The Atlanta Journal-Constitution
Snap shares soar in market debut, largest in tech since 2014
Analyst says investors eager, but young firm has yet to show profit.
Snap co-founders Evan Speigel and Bobby Murphy rang the opening bell of the New York Stock Exchange Thursday, marking the stock market debut of the company they founded in 2011 out of their Stanford University dorm rooms.
Snap, the parent company of the ephemeral messaging service Snapchat, now trades as SNAP and started its life as a public company with an estimated value of $24 billion, the largest technology debut since Alibaba’s in 2014. The company saw a healthy pop in its first moments of trading, opening at $24 — roughly 40 percent higher than the company’s price of $17 per share, and far higher than the company’s original $14-$16 range.
The price is higher than Snap had originally predicted, indicating that the company is seeing great demand for its initial public offering. Some are hoping that Snap’s debut can revive a lagging IPO market, as Barron’s reported, and encourage other tech firms to make their debuts.
Snapchat, Snap’s main service, has a loyal user base of 158 million people who use it to send 2.5 billion messages every day, according to its initial public offering filing. While it has yet to profit off that popularity, it is growing its revenue, which was $404.5 million in 2016. The firm has invested substantially in working with media partners — including The Washington Post — to deliver news and analysis to its predominately young audience.
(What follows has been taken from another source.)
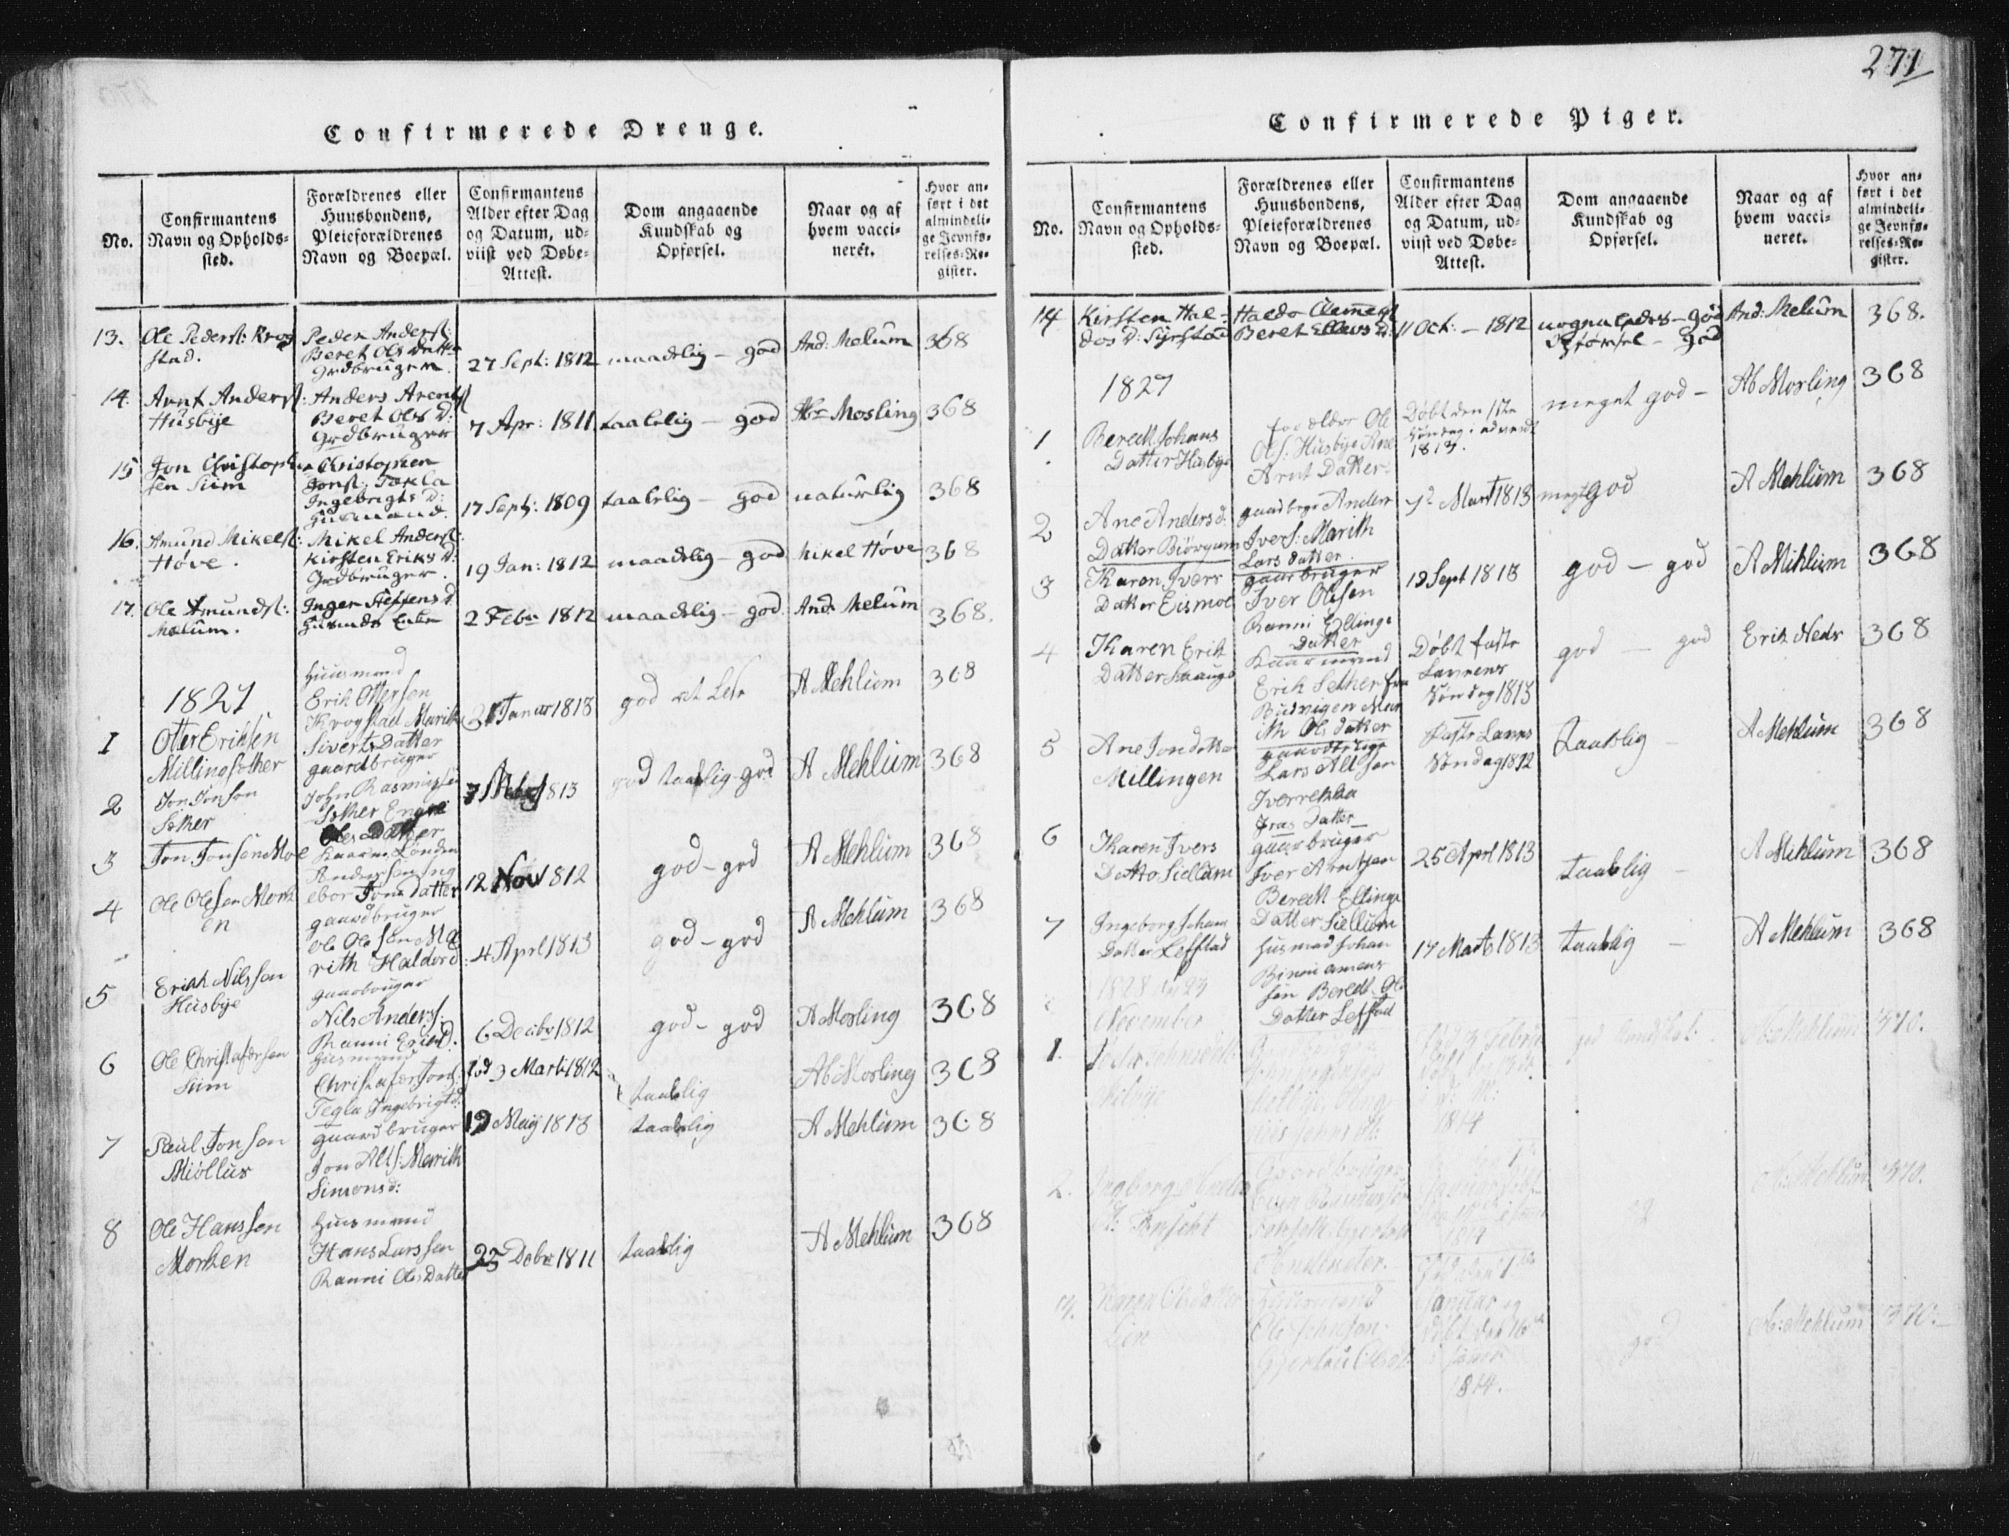 SAT, Ministerialprotokoller, klokkerbøker og fødselsregistre - Sør-Trøndelag, 665/L0770: Ministerialbok nr. 665A05, 1817-1829, s. 271
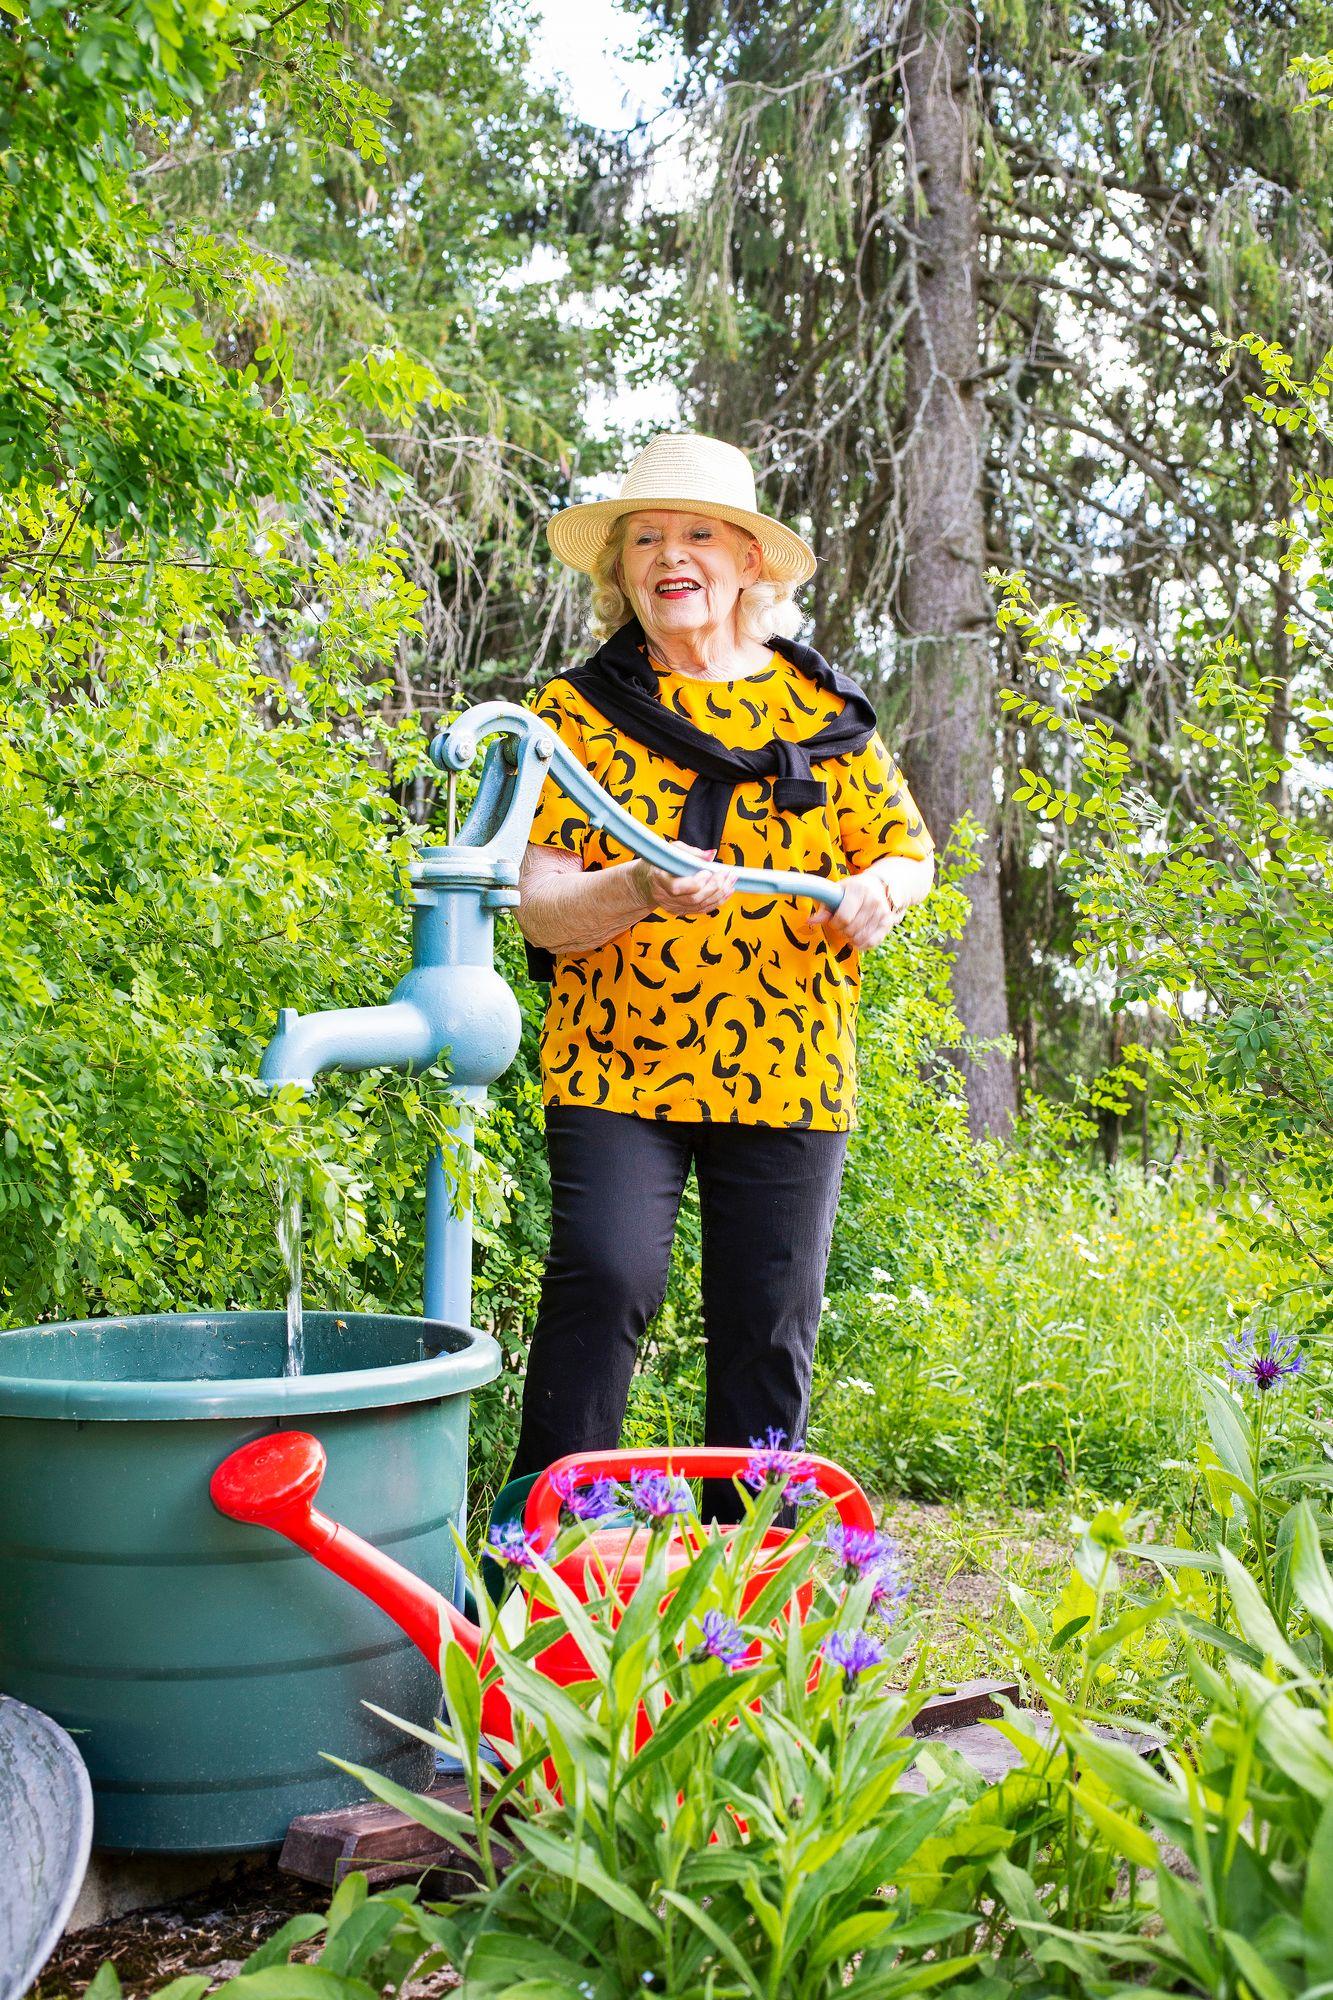 Vaikka Pirjo Tuominen pitää siitä, että ympärillä on siistiä ja asiat järjestyksessä, puutarhassa hän ei tavoittele turhan tarkkaa lopputulosta. Luonto saa myös rehottaa. © Tiiu Kaitalo

The company’s growth has been largely driven by younger users, who spend over 30 minutes on it per day, according to the company’s filing.
Snapchat’s growth, however, is being driven more and more by older users, according to the research firm eMarketer. The firm projects that 6.4 percent of Snapchat’s users this year will be between 45 and 54, showing that its expanding its appeal among older users — even as fewer younger users join the network.
But some analysts still caution that Snap has to prove itself. James Gellert, chief executive of the analysis firm Rapid Ratings, expected Snap to crackle with a post-IPO pop, thanks to tech-focused investors hungry to get their hands on something new. But, he said, Snap has a way to go to prove itself as a stable investment.
“Snap is relatively young and it’s yet to generate profits. The typical IPO tech investor will say
that’s fine and it doesn’t matter,” he said. But from a longterm perspective, Gellert said, being able to demonstrate the ability to generate profit and make money on assets is key for a company’s financial health.
Snap also runs some risk of getting the wind taken out of its sails by competitors. Facebook — which famously tried to buy Snap (then Snapchat) for $3 billion in 2013 — has introduced some Snapchat-like features to its Instagram social network.
According to analysis from the analysis firm 7Park Data suggests that the launch of Instagram Stories — a feature very similar to Snapchat’s Story product — hurt Snapchat’s growth. Snapchat’s daily users fell off after Instagram introduced its version Stories, indicating that Snapchat’s user base can be lured away.
That analysis seems to be backed up by Snap itself, which reported in a Securities and Exchange Commission filing that its user growth was “relatively flat” in the final quarter of 2016.